15 January 2005
Those reading this blog will hardly be surprised to know that I have been a longtime member of the Center for Public Justice and its predecessor organizations for about three decades. For over 20 years the organization has put out the Public Justice Report, which was at one time a monthly newsletter but now comes out on a quarterly basis. The latest development has it becoming an exclusively web-based periodical, something for which I am less than enthusiastic. All the same, I remain an enthusiast for the PJR's approach to political life.
Here is what you will find in the latest issue, as reproduced from its website:
From Re-election to Inauguration. What should we make of George W. Bush’s solid victory last November? Public Justice Report editor, James Skillen, offers his assessment, drawn from a speech he was invited to give in Beijing, China on December 8 at a conference of leading America-watchers. Skillen argues that the so-called "moral values" vote, which includes an attitude toward economic issues and foreign policy, must be understood against the backdrop of the tension between America’s Puritan and Enlightenment traditions, each struggling for dominance in our nationally weak federal system.
Faith-Based Hiring Rights. A brief review introduces a new book, published by the Center for Public Justice, that has been sent to legislators and other public officials throughout the country—at both state and federal levels. The book is The Freedom of Faith-Based Organizations to Staff on a Religious Basis, by Carl Esbeck, Stanley Carlson-Thies, and Ronald Sider. This is one of the most controversial subjects in relations between faith-based social-service organizations and the government. This book is the authority—the most complete and detailed assessment available of the law and politics on this issue.
With or Against the World?. Significant excerpts are presented here from the second chapter of James Skillen’s forthcoming book with this title. The subtitle is America’s Role among the Nations (Rowman & Littlefield Publishers, due out at the end of February). This first of two installments from the book focuses on the "forgotten depths" of history that lie behind America’s response to terrorism. Americans know too little of the history of Islam and the rise of Islamic radicalism, but they also know too little about the birth of the United States as a "nation with the soul of a church."
Stars Forever. Stanley Carlson-Thies reviews a book that will surprise those who have little good to say about combative Evangelicals in American politics. The book — Like the Stars, Leading Many to Righteousness — is by an evangelical pastor, Glenn Parkinson, who calls his fellow-believers to a positive role in society rather than to a negative one. The goal of Christians should be to serve their neighbors and bless them with good things, not to try to defeat them in a culture war. Integrity and public forthrightness should go hand in hand with a generous way of life that can lead neighbors to a high regard for their fellow citizens who are Christians.
The Question of a Christian Worldview. This essay introduces and reviews two books: first, and primarily, Nancy Pearcey’s Total Truth: The Liberation of Christianity from its Cultural Captivity (Crossway Books, 2004), and second, David K. Naugle’s Worldview: The History of a Concept (Eerdmans, 2002).

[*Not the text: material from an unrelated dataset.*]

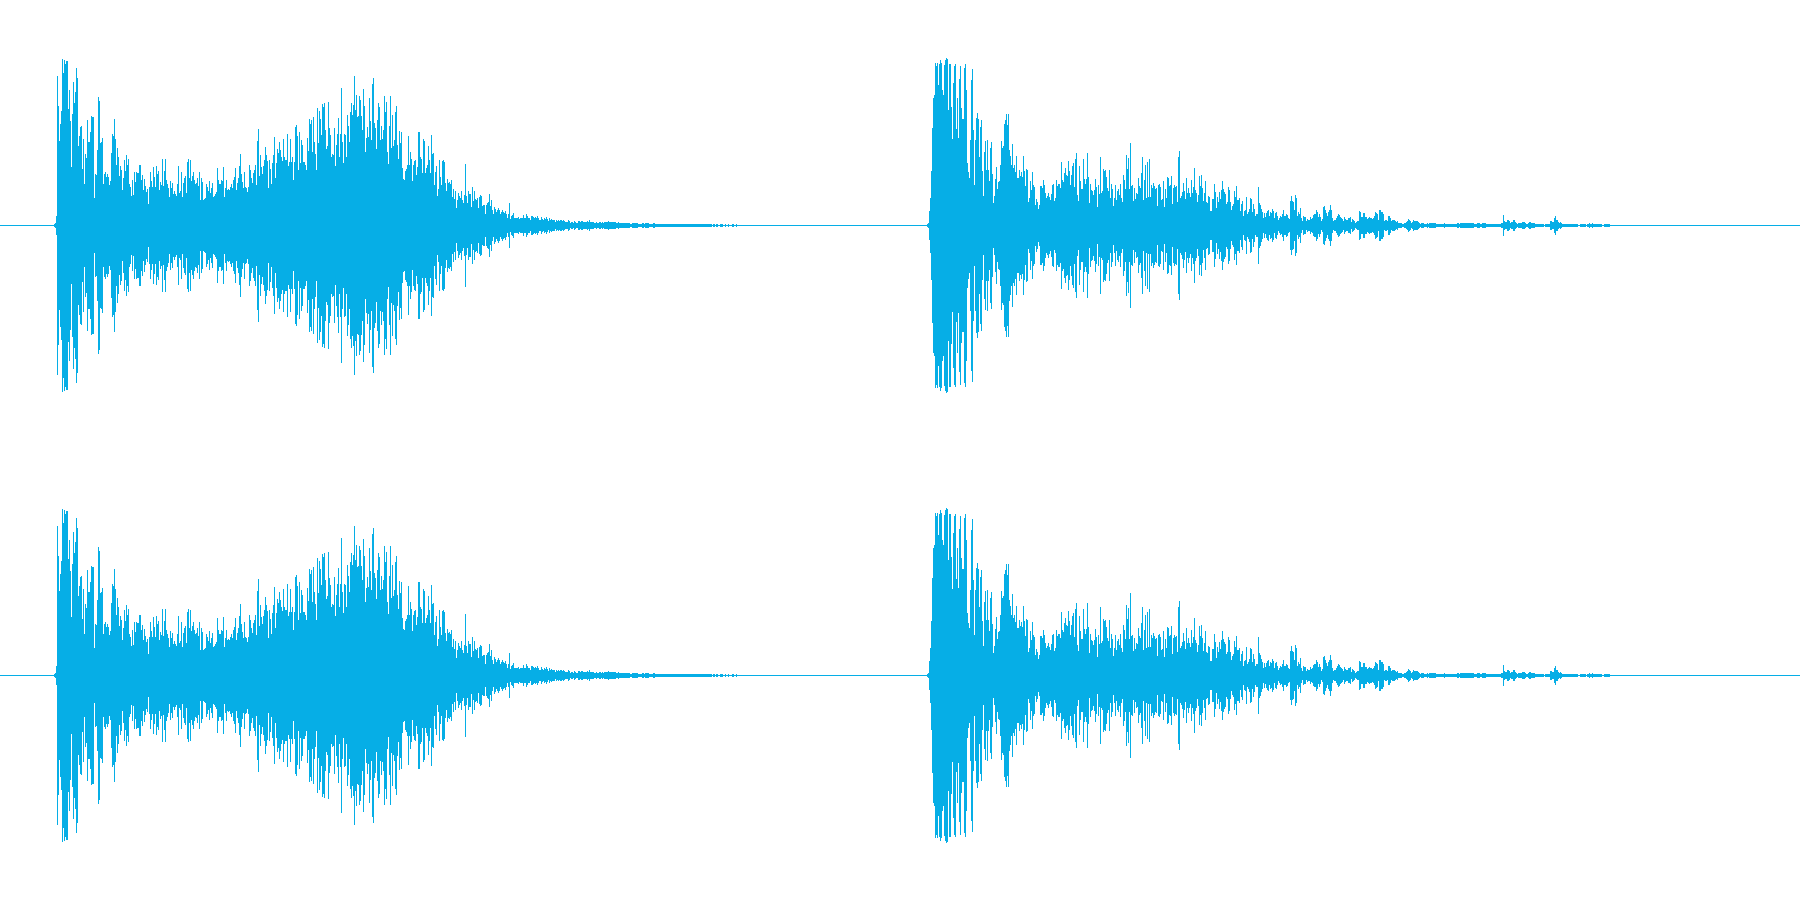 ミサイルが命中後中爆発 ドヒューンの再生済みの波形

The first is a best-selling exploration of how Christians have become bogged down by dualistic views of life and what they need to do to become full, free, and productive Christians. Naugle’s book is more academic, but for anyone who wants to know what’s behind all of today’s "worldview talk," this is the book to read.
Education Reform to Empower the Poor. David Van Heemst is the author of Empowering the Poor, Why Justice Requires School Choice (ScarecrowEducation, 2004). Building on the work of Charles L. Glenn and others, Van Heemst makes the case for real pluralism in education, with real choices for parents, and why these reforms will do more than anything else to empower the poor in America.

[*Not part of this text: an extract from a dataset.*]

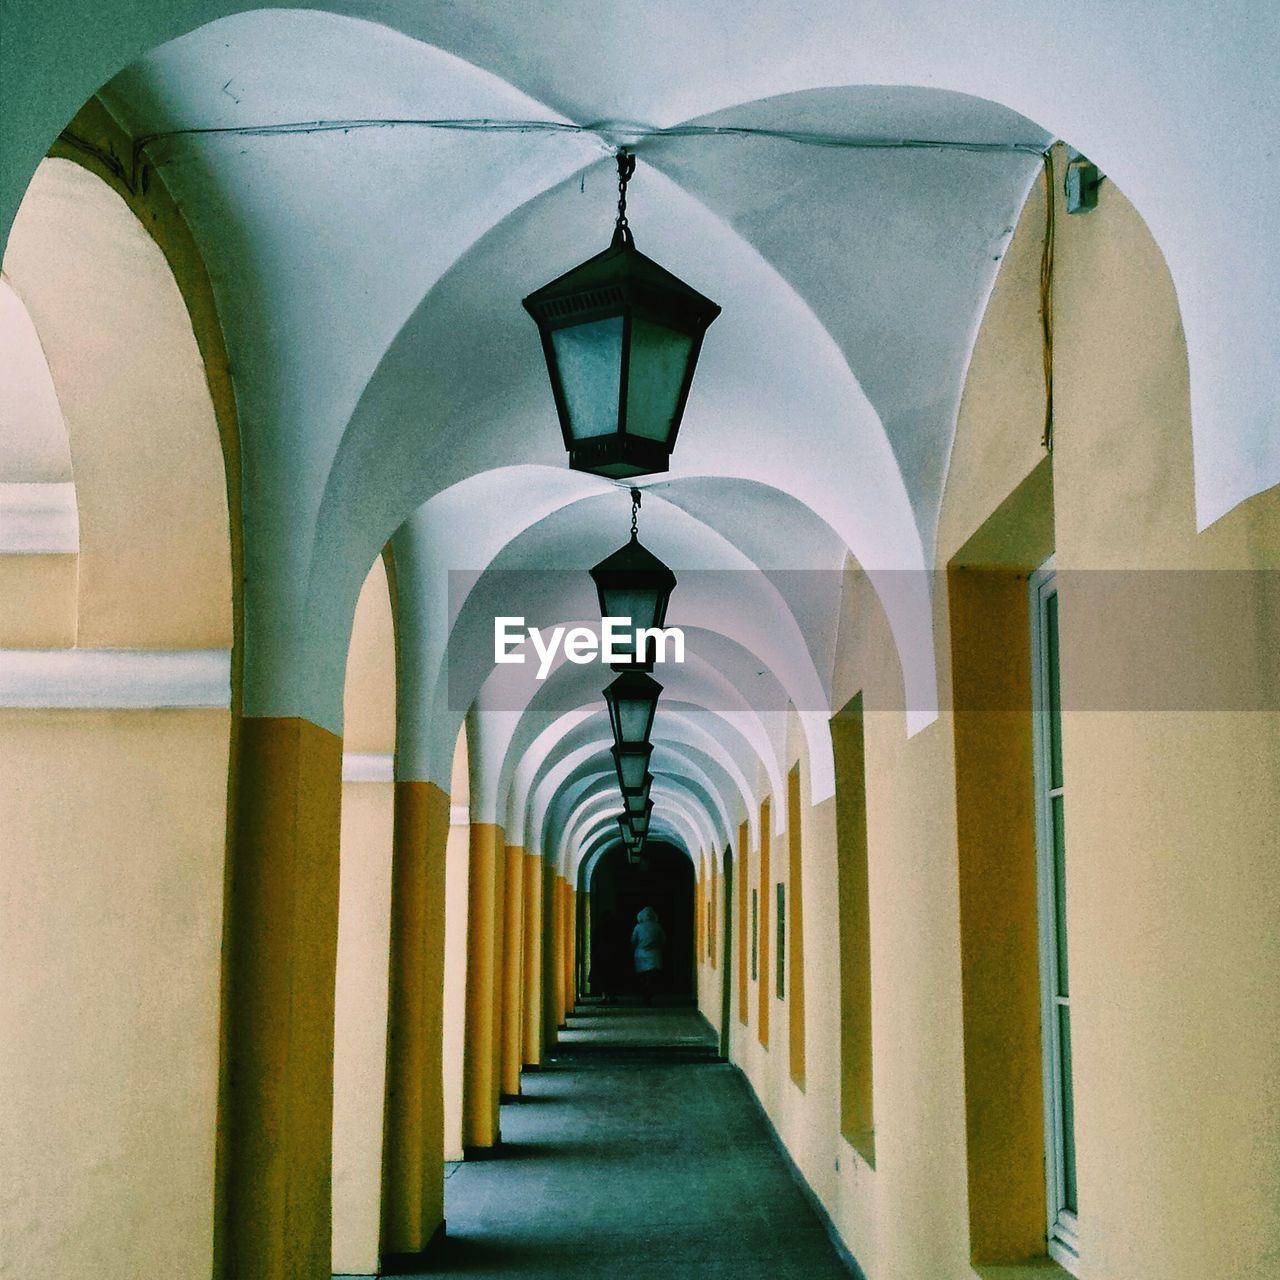 Hanging lights at narrow corridor along walls

Editor's Watch: Postmodern President: Second Edition. The Editor’s Watch this quarter hypothesizes that if Bill Clinton was our first postmodern president, as some have argued, then George W. Bush is our second. Bush's "social-constructivist" approach to policy making and his efforts to impose his political will reveal him to be more a man of pragmatic gusto than a man carefully attuned to principles of justice.